(DATA TO USE begins)

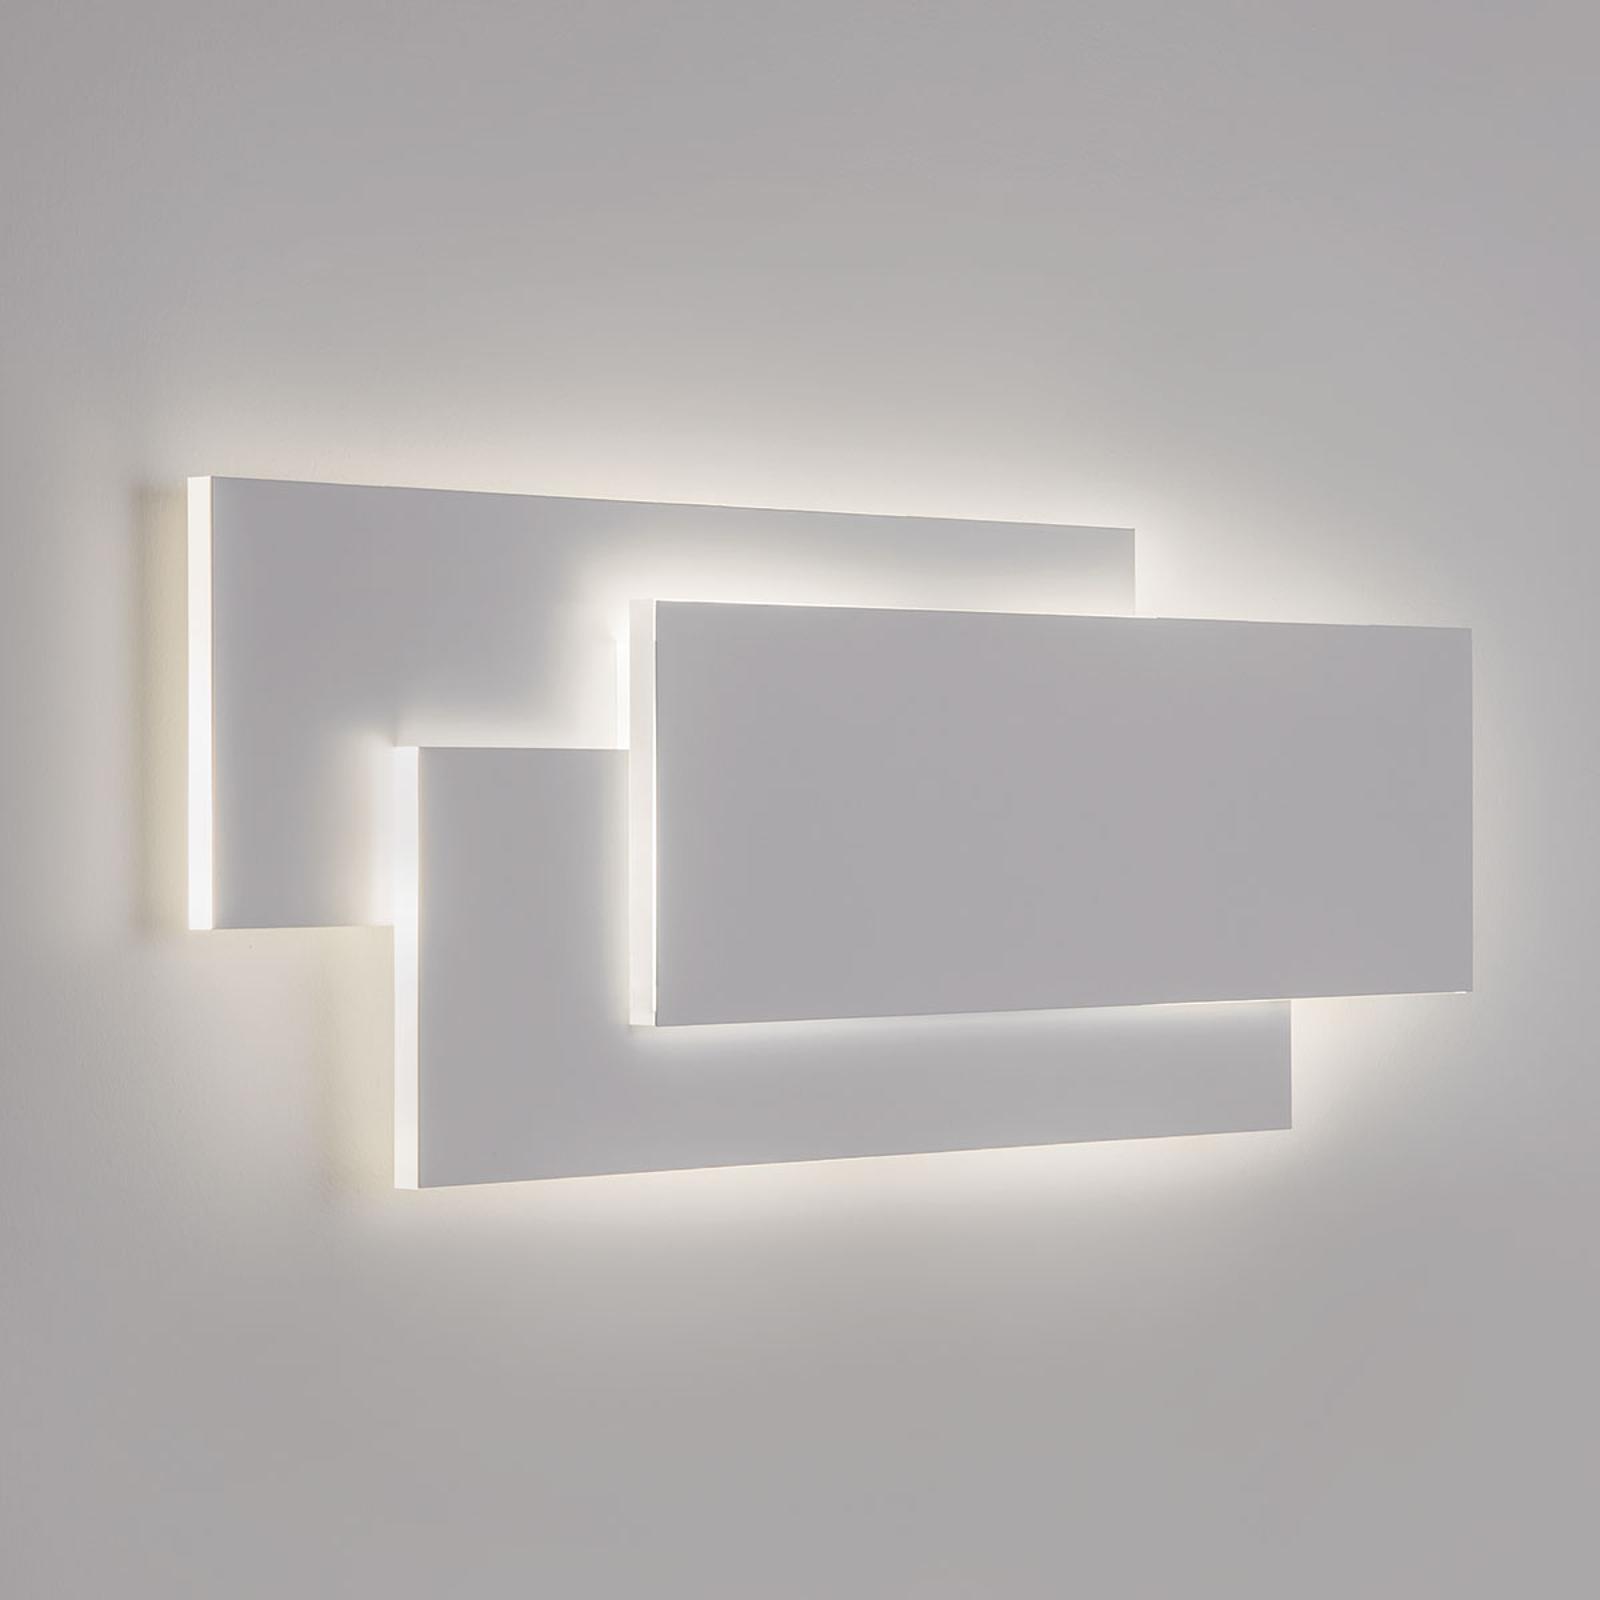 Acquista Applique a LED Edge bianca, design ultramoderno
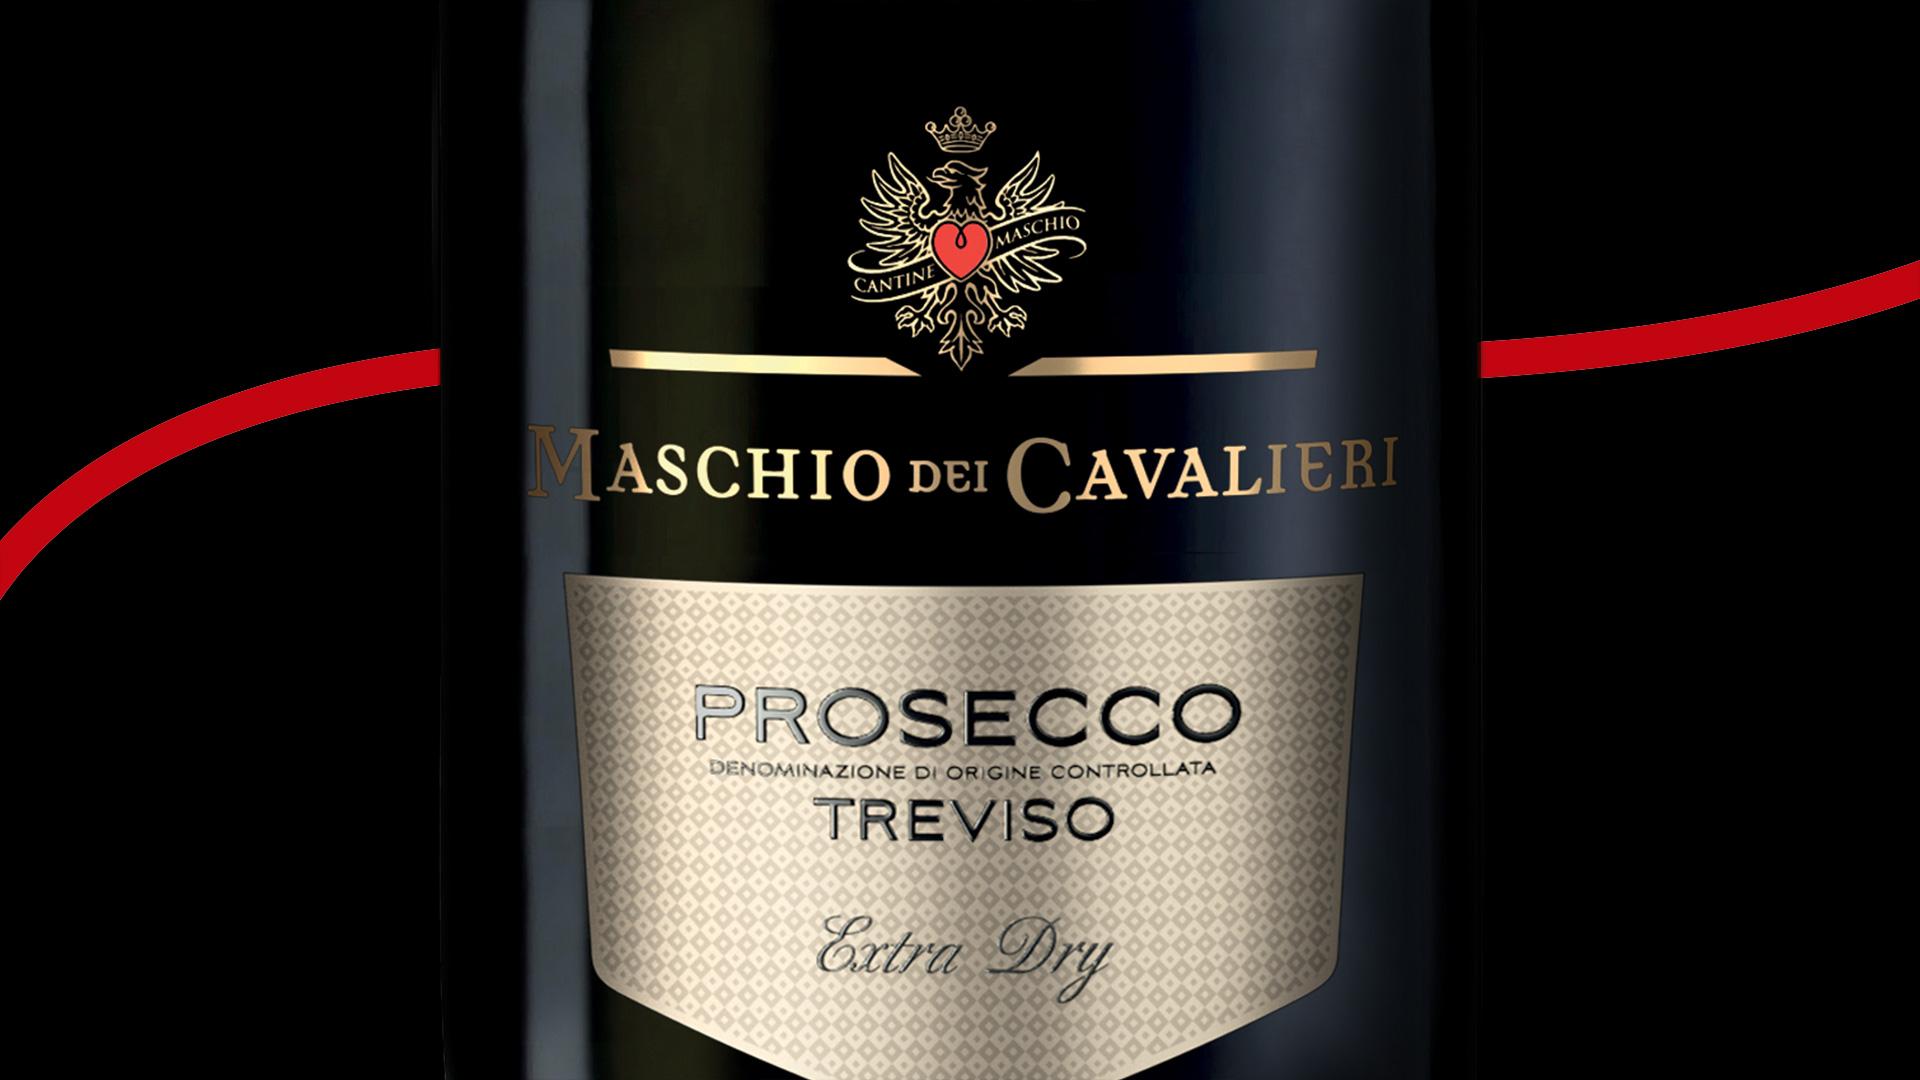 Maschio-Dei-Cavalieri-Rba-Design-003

(DATA TO USE ends)
(DATA TO USE begins)

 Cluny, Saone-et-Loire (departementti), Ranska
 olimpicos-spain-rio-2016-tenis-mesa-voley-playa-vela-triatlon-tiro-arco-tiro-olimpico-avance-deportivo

(DATA TO USE ends)

◆ YOUR INSTRUCTIONS: Take only the lines above from the one that has "Acquista Applique a" through the one that has "Maschio-Dei-Cavalieri-Rba-Design-003" and reproduce them exactly, omitting any pictures.

◆ SOLUTION TO THIS TASK:
 Acquista Applique a LED Edge bianca, design ultramoderno
 Maschio-Dei-Cavalieri-Rba-Design-003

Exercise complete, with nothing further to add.